HIROSZIMA: Oczekuje się, że prezydent Ukrainy Wołodymyr Zełenski osobiście weźmie udział w szczycie G7 w Hiroszimie w Japonii, którego przywódcy ogłosili w piątek nowe sankcje za „odmówienie Rosji” zasobów, które „wspierają jej projekt wojenny” na Ukrainie.
„Osobista obecność naszego prezydenta jest absolutnie konieczna dla obrony naszych interesów” – powiedział sekretarz Rady Bezpieczeństwa Ukrainy Ołeksij Daniłow.
Tymczasem Wołodymyr Zełenski przybył w piątek do Arabii Saudyjskiej z bezprecedensową wizytą i jako gość niespodziewany na zorganizowanym w Dżuddzie szczycie Ligi Państw Arabskich. Podczas dwustronnego spotkania podziękował następcy tronu Królestwa Arabii Saudyjskiej Mohammedowi bin Salmanowi za „wsparcie dla integralności terytorialnej” Ukrainy.

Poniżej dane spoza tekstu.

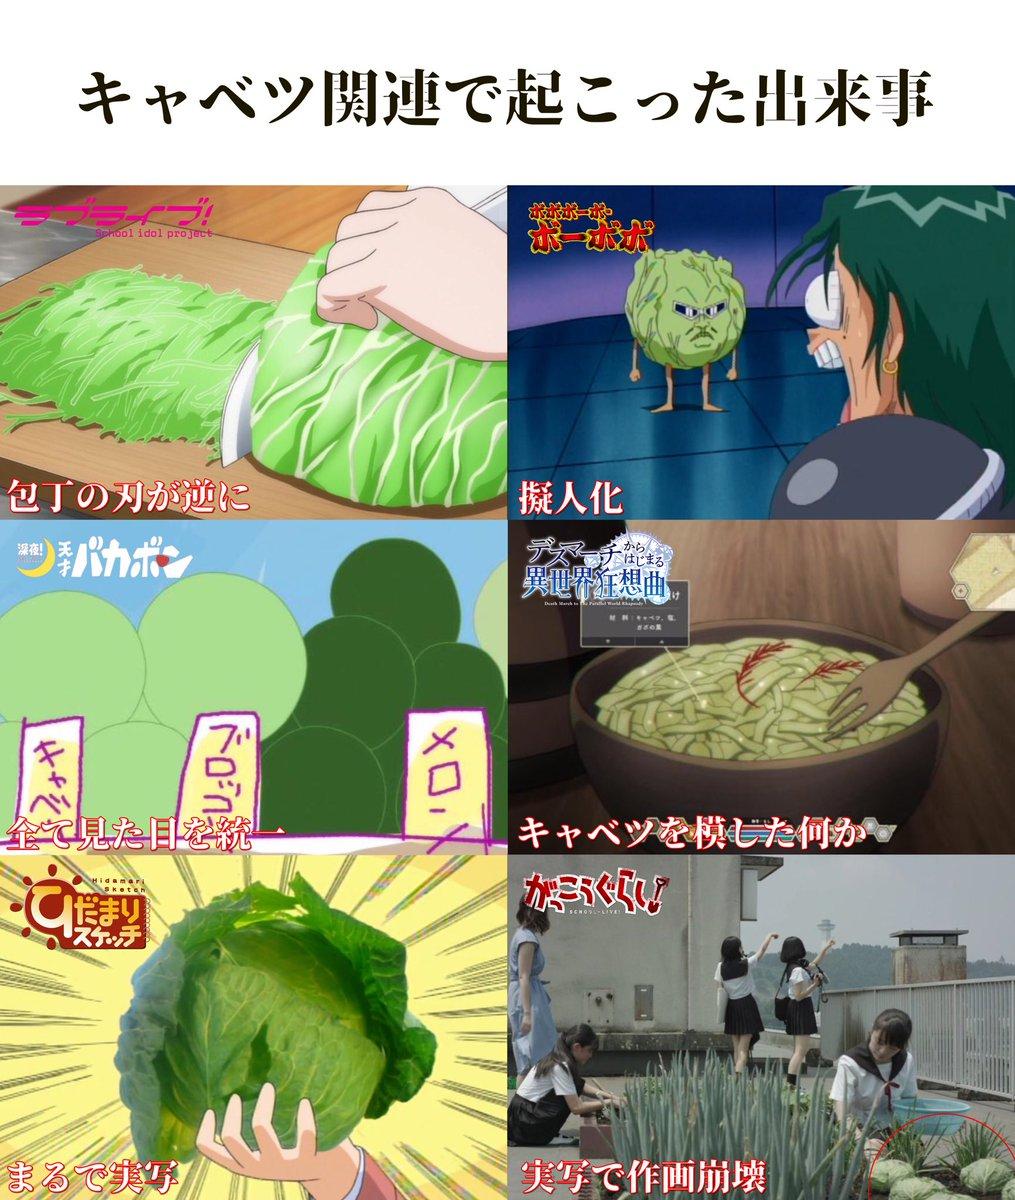 あるアニメによって?アニメ作品におけるキャベツの重要性が増す!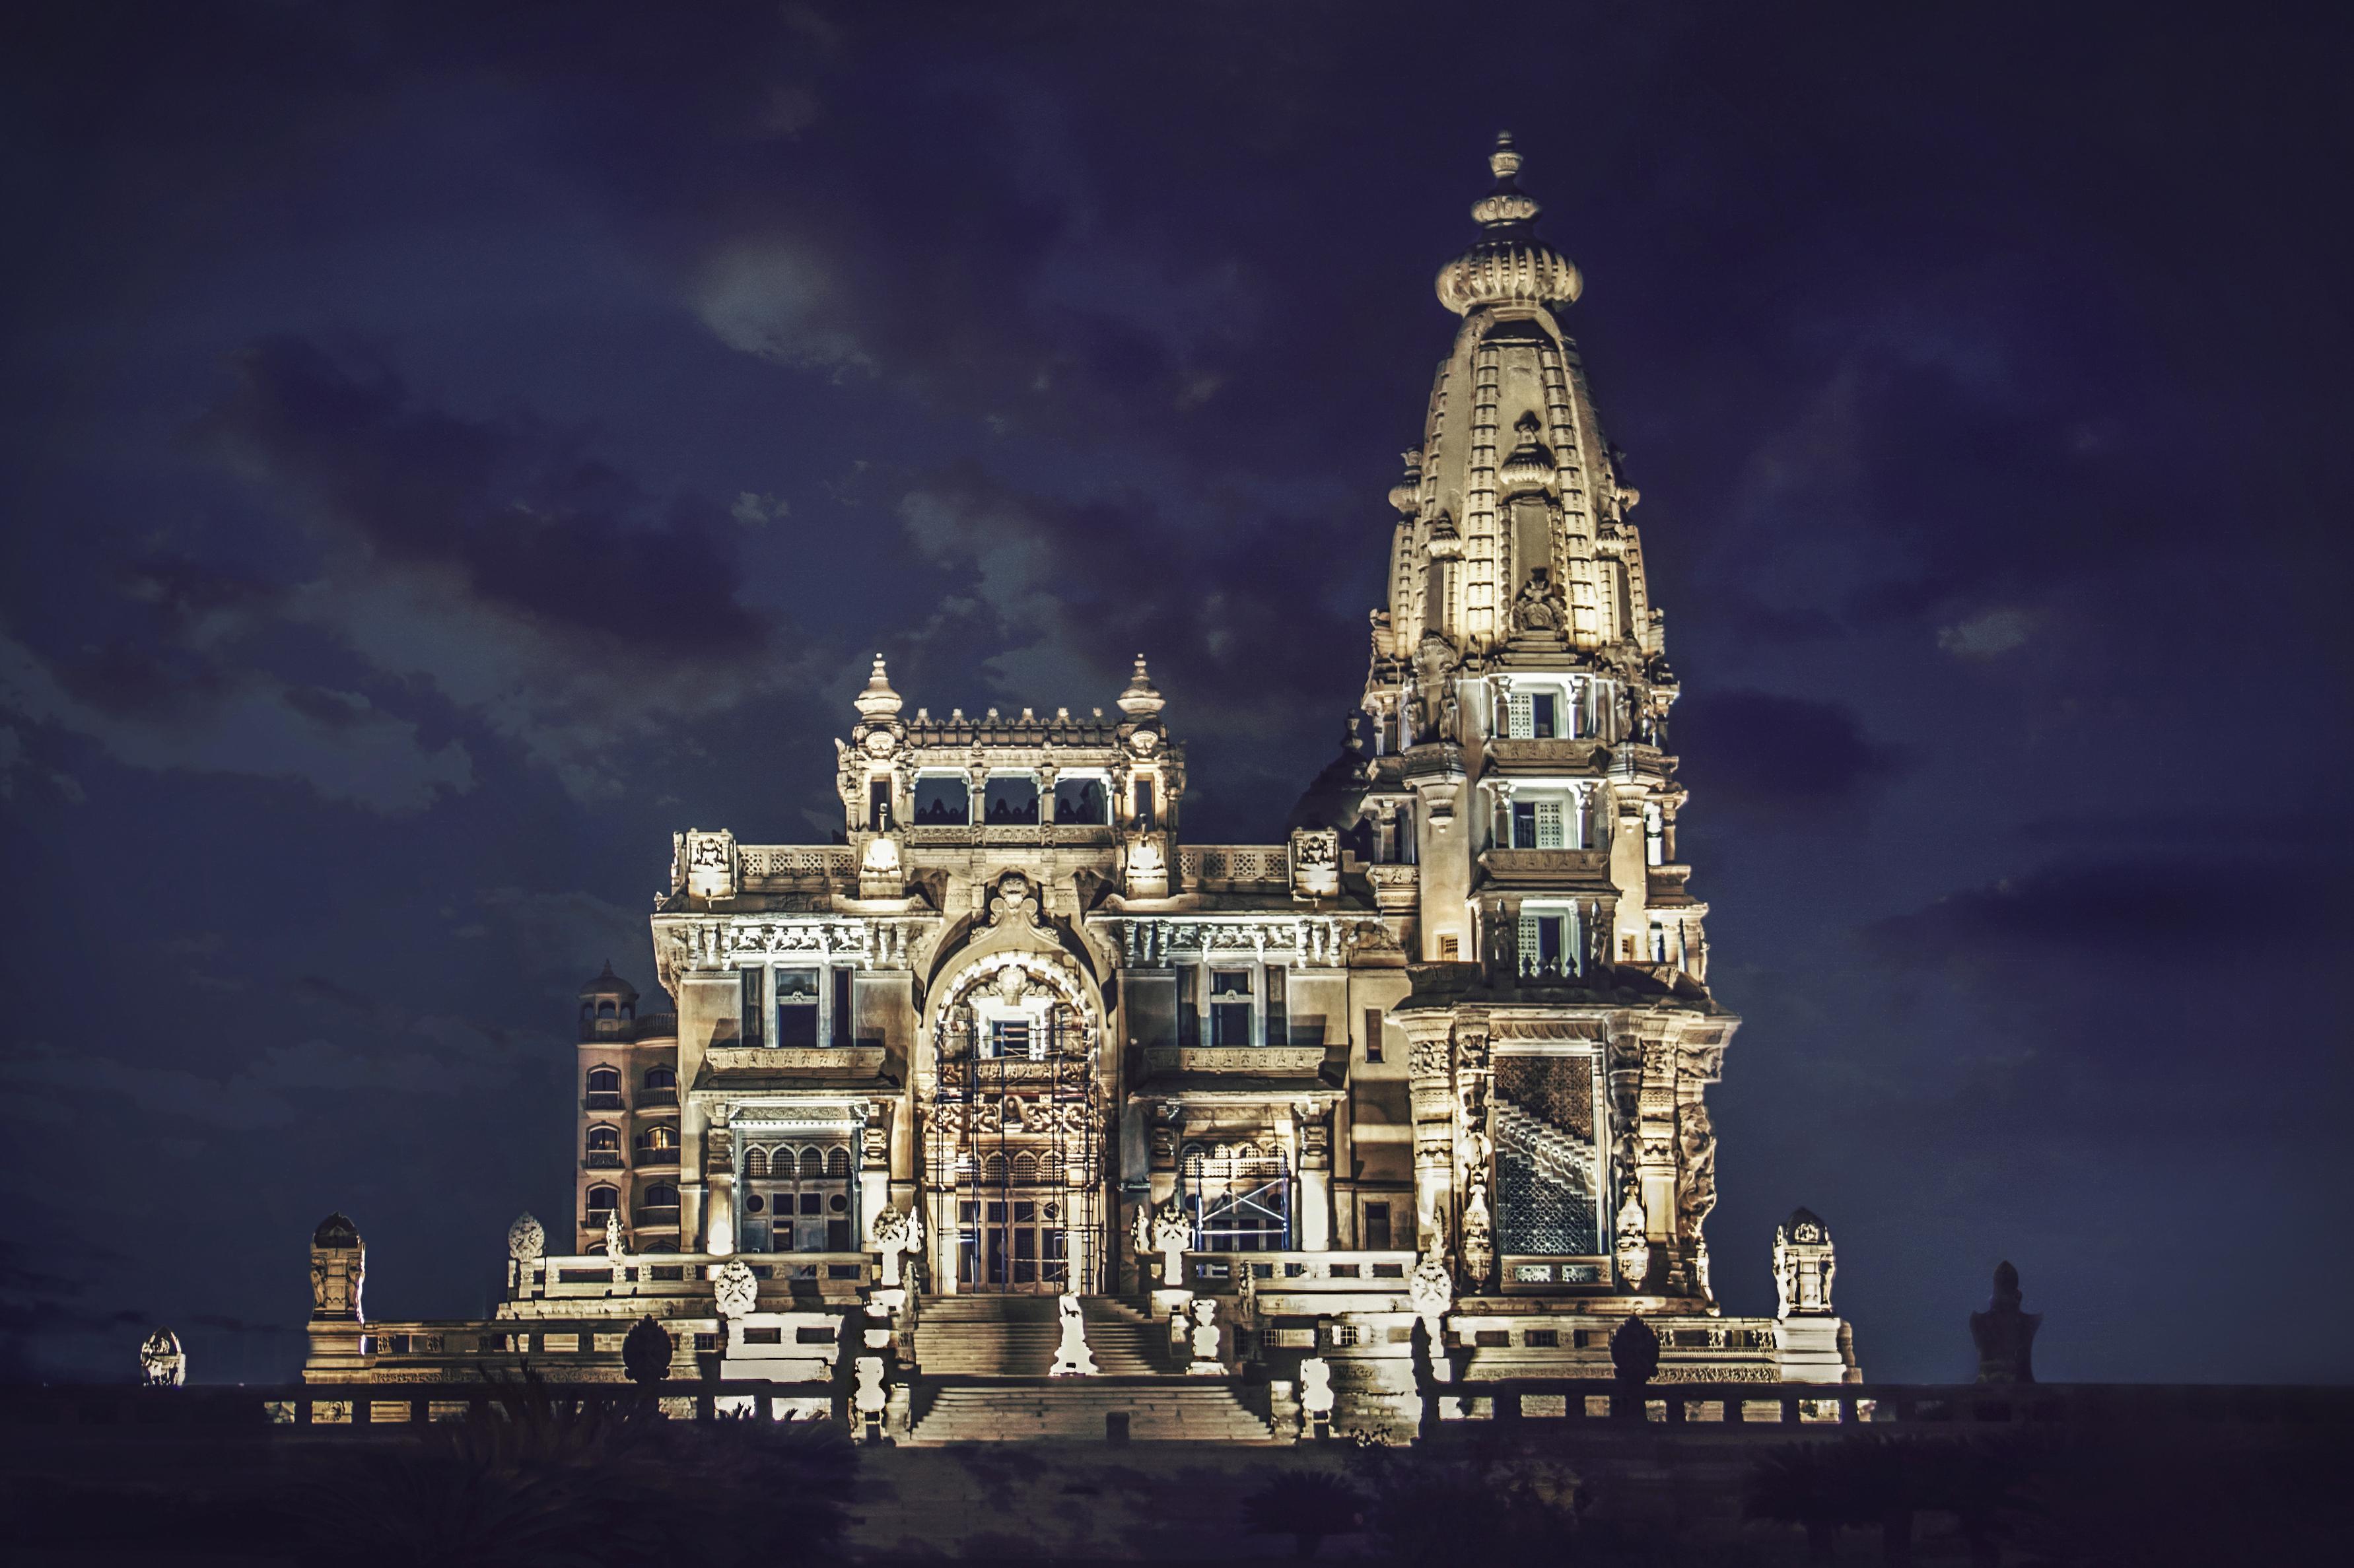 قصر البارون .. أسطورة الرعب في مصر الجديدة

Wołodymyr Zełenski ma odbyć w ten weekend podróż do japońskiego miasta Hiroszima, w które w 1945 r. uderzyła pierwsza w historii bomba atomowa i od tego czasu stało się światowym symbolem pokoju.
Chociaż początkowo miał interweniować w formie wideokonferencji, ukraiński prezydent, który właśnie zakończył podróż po Europie, ma osobiście wziąć w nim udział w niedzielę, ostatnim dniu szczytu.
Oznacza to, że wezmą w nim udział przywódcy ośmiu krajów zaproszonych przez prezydencję japońską, w tym kluczowe kraje wschodzące, takie jak Brazylia, Indonezja, a przede wszystkim Indie, które utrzymują bliskie stosunki wojskowe z Rosją i odmówiły potępienia rosyjskiej inwazji na Ukrainę. .
Francuskie źródło dyplomatyczne skomentowało, że ta „bardzo ważna” podróż będzie dla Zełenskiego „okazją” do „wyrażenia się z jak największą liczbą przywódców”, podkreślając, że jest „najlepszym rzecznikiem” w sprawie Ukrainy, samego prezydenta Ukrainy”.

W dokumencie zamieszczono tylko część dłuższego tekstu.